The team found that upon illumination, oxygen concentration in the ventricles of injected animals went up. Untreated animals or those that received strains of algae or cyanobacteria that were mutated to not produce oxygen did not have an increase in oxygen concentration. When the researchers depleted oxygen from the water the animals swam in, neuronal activity, as measured by electrical recordings of representative nerves, stopped. But they were able to restart activity in the brain by shining light on animals who’d received injections of microorganisms. When they turned off the light, neuronal activity ceased again.

Although the experiment was a success, Martinez notes it’s not clear whether the findings could be translated to treat conditions in which the brain is starved for oxygen. “The first issue is that Xenopus laevis tadpoles are transparent and light can easily pass through the skin to activate photosynthetic machinery to produce oxygen. Use in more complex animals would . . . be difficult, as light does not easily traverse the skin and may not reach the vasculature to activate the photosynthetic organisms,” she writes. Additionally, while low oxygen can be a problem, excess oxygen can also exacerbate brain injuries. “Thus, the inability of oxygen levels to be controlled properly through the use of these photosynthetic organisms would therefore be just as detrimental as the hypoxia itself.” Trying the technique in brain organoids and slices first would give more insight into its physiological effects, she adds.

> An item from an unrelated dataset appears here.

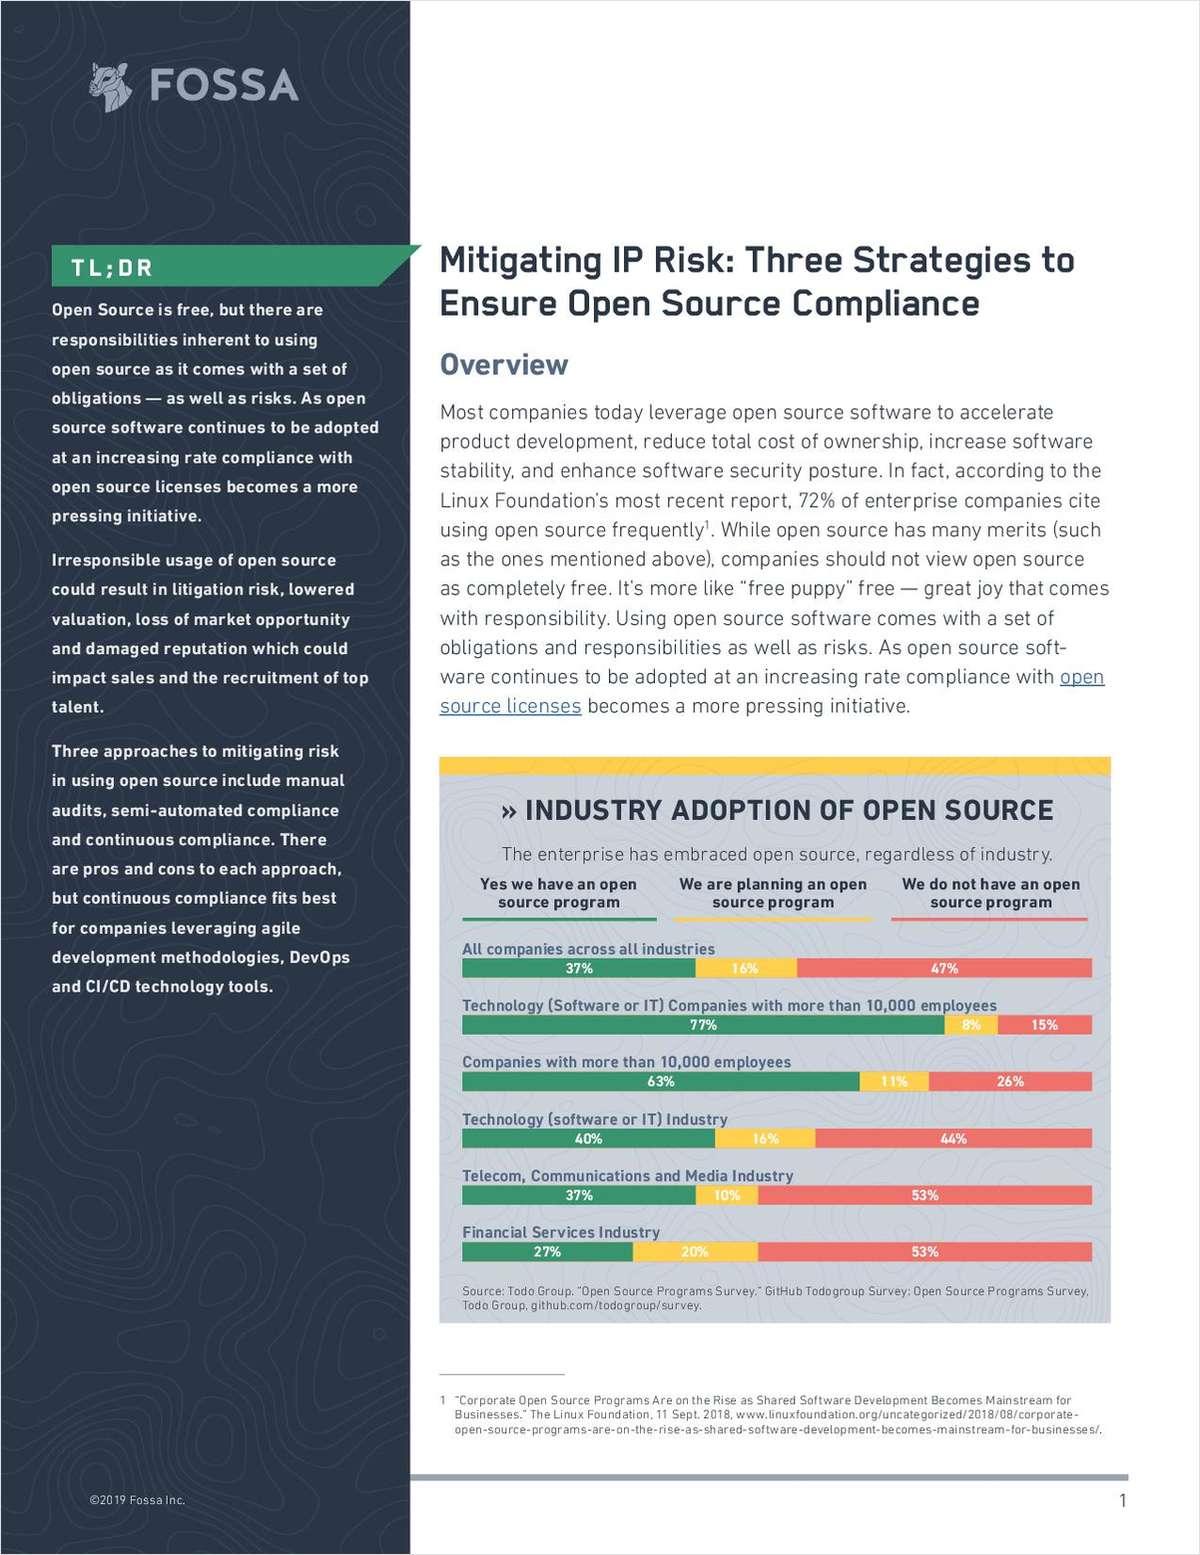 Mitigating IP Risk in Open Source

Straka acknowledges that the research is still at the early stages and that taking the strategy to the clinic is “very far away.” In the near term, his team will focus on several questions, including the immunological effects of introducing the photosynthesizing microorganisms, and whether or not the sugars that the microbes produce can be used by the tadpoles’ brains.

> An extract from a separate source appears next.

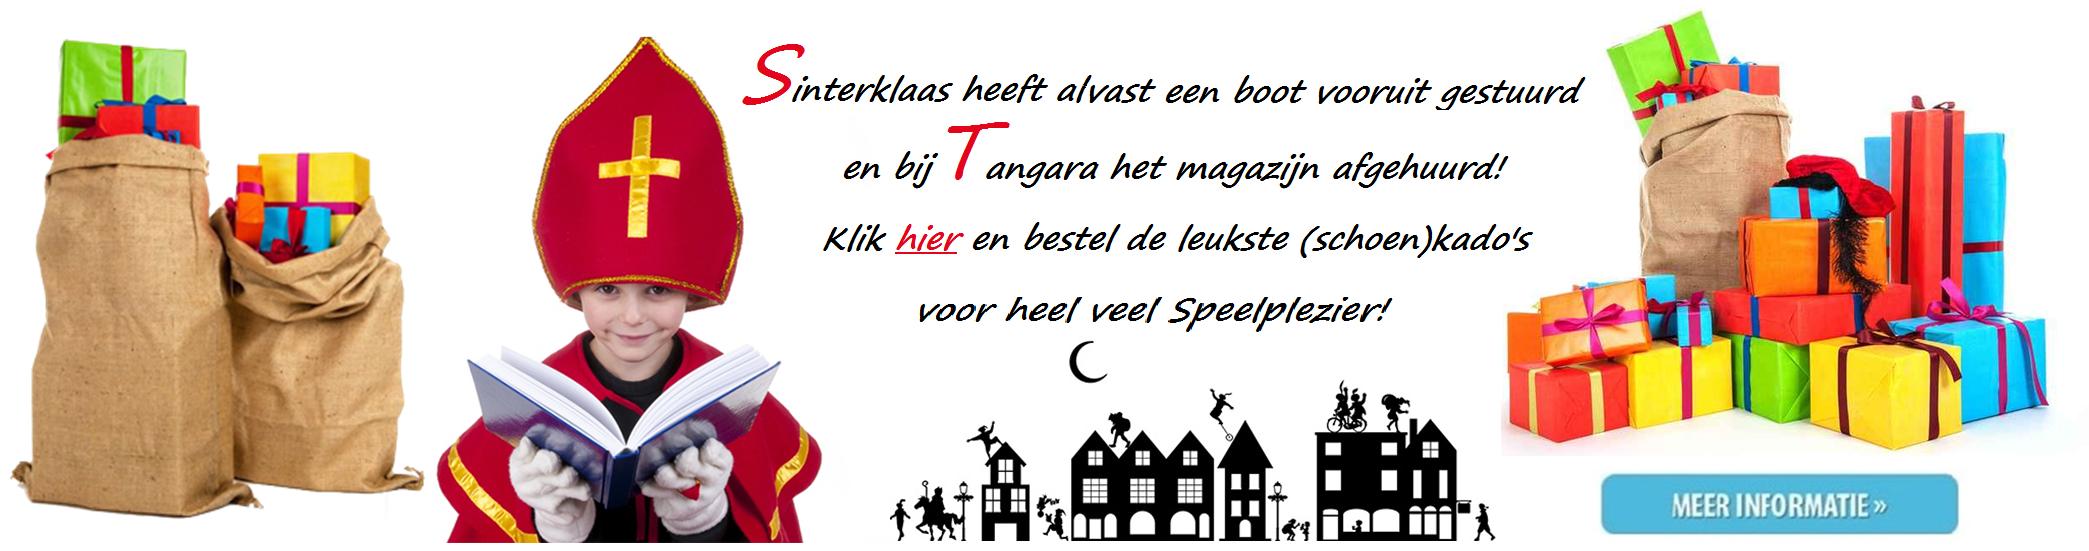 Sinterklaas kado

“Over the last decade, there are quite a few projects where people have been trying to set up artificial symbiotic associations with algae, in order to augment in some way or manipulate vertebrate physiology, which is really radical,” says Ryan Kerney, a biologist who studies symbioses between algae and salamanders at Gettysburg College in Pennsylvania and did not participate in the new work. Approaches where microbes are artificially inserted into cells or into tissues to modify their function are largely unregulated and under-scrutinized in comparison to widely used genetic modification techniques such as CRISPR that target one gene, Kerney adds. The unknowns, as well as examples of pathogenic algae, make this strategy a bit risky, he notes. “But the potential implications are also just fascinating to speculate about: Can we get away from breathing as a way to keep our brains going?”